**What is being asked:**
What is needed is every line of the data that includes the word "tool". Please copy each one.

**Material shown:**
_ _ _ _ _
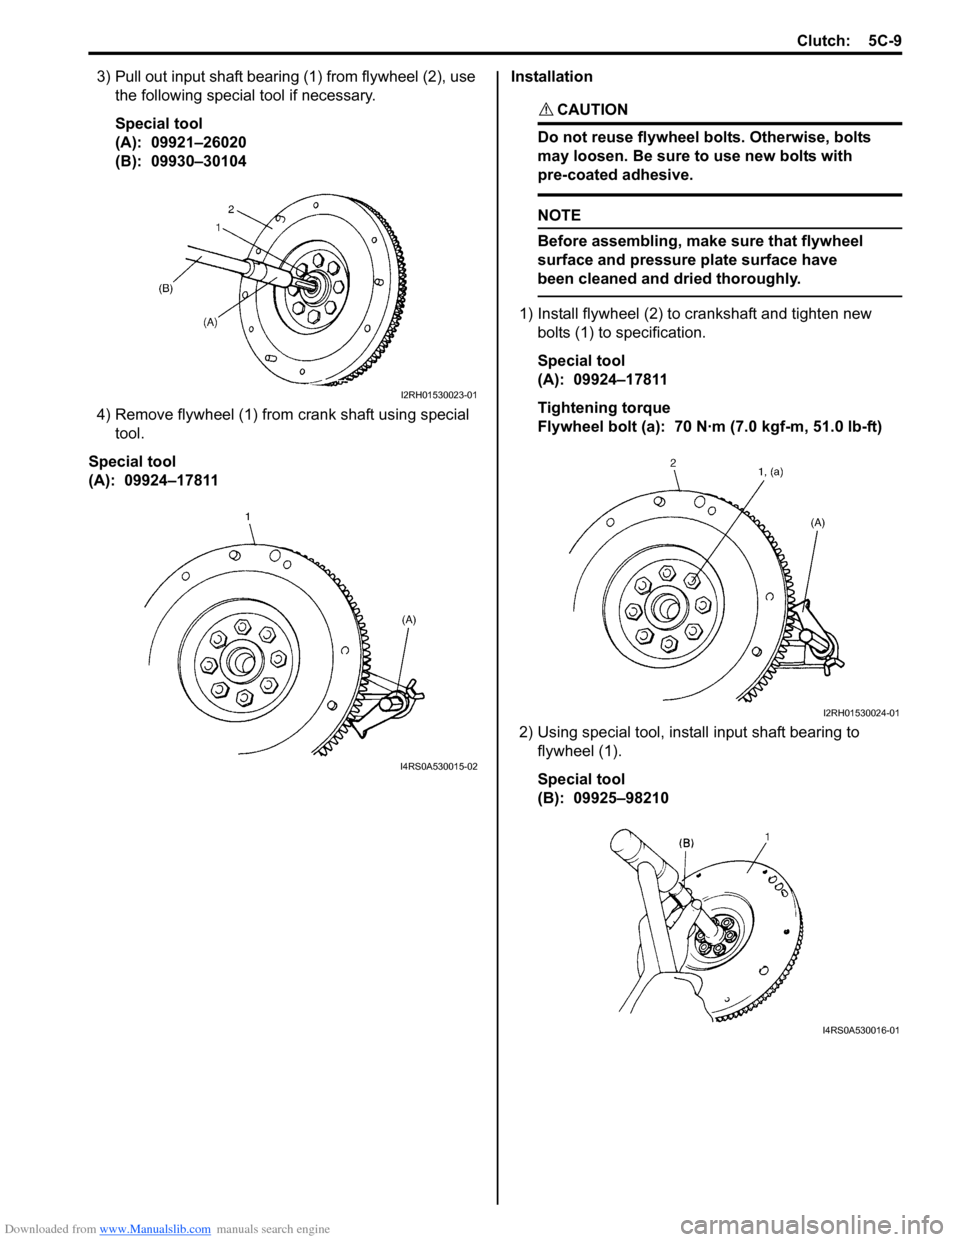 SUZUKI SWIFT 2006 2.G Service Workshop Manual Downloaded from www.Manualslib.com manuals search engine Clutch: 5C-9
3) Pull out input shaft bearing (1) from flywheel (2), use the following special tool if necessary.
Special tool
(A):  09921–260
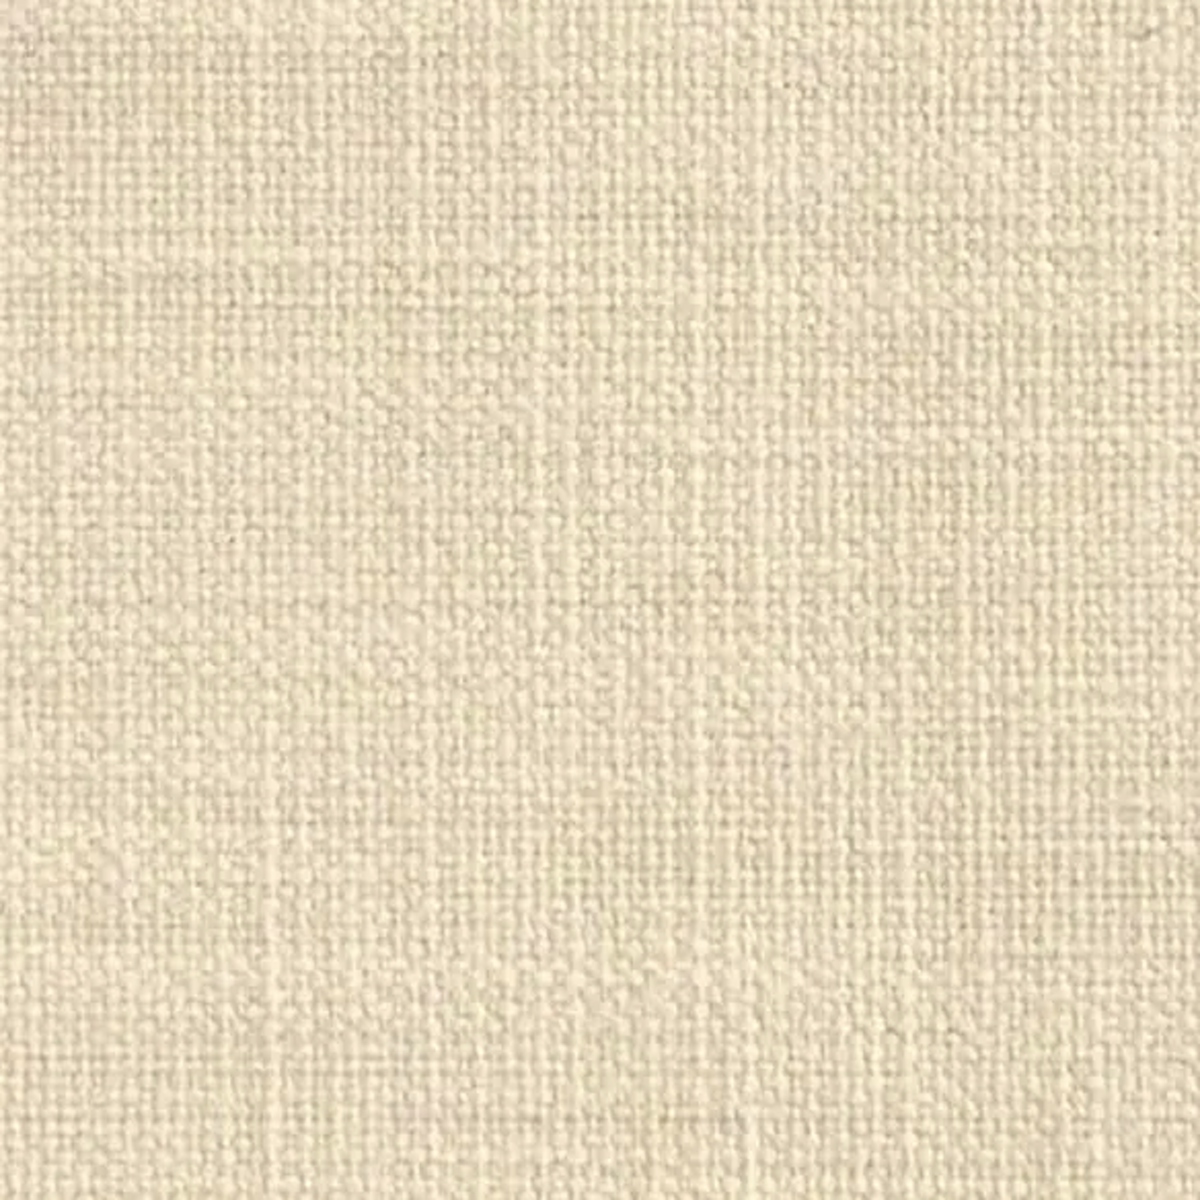 Cotton upholstery textile swatch
_ _ _ _ _
**Response below:**
3) Pull out input shaft bearing (1) from flywheel (2), use the following special tool if necessary.
Special tool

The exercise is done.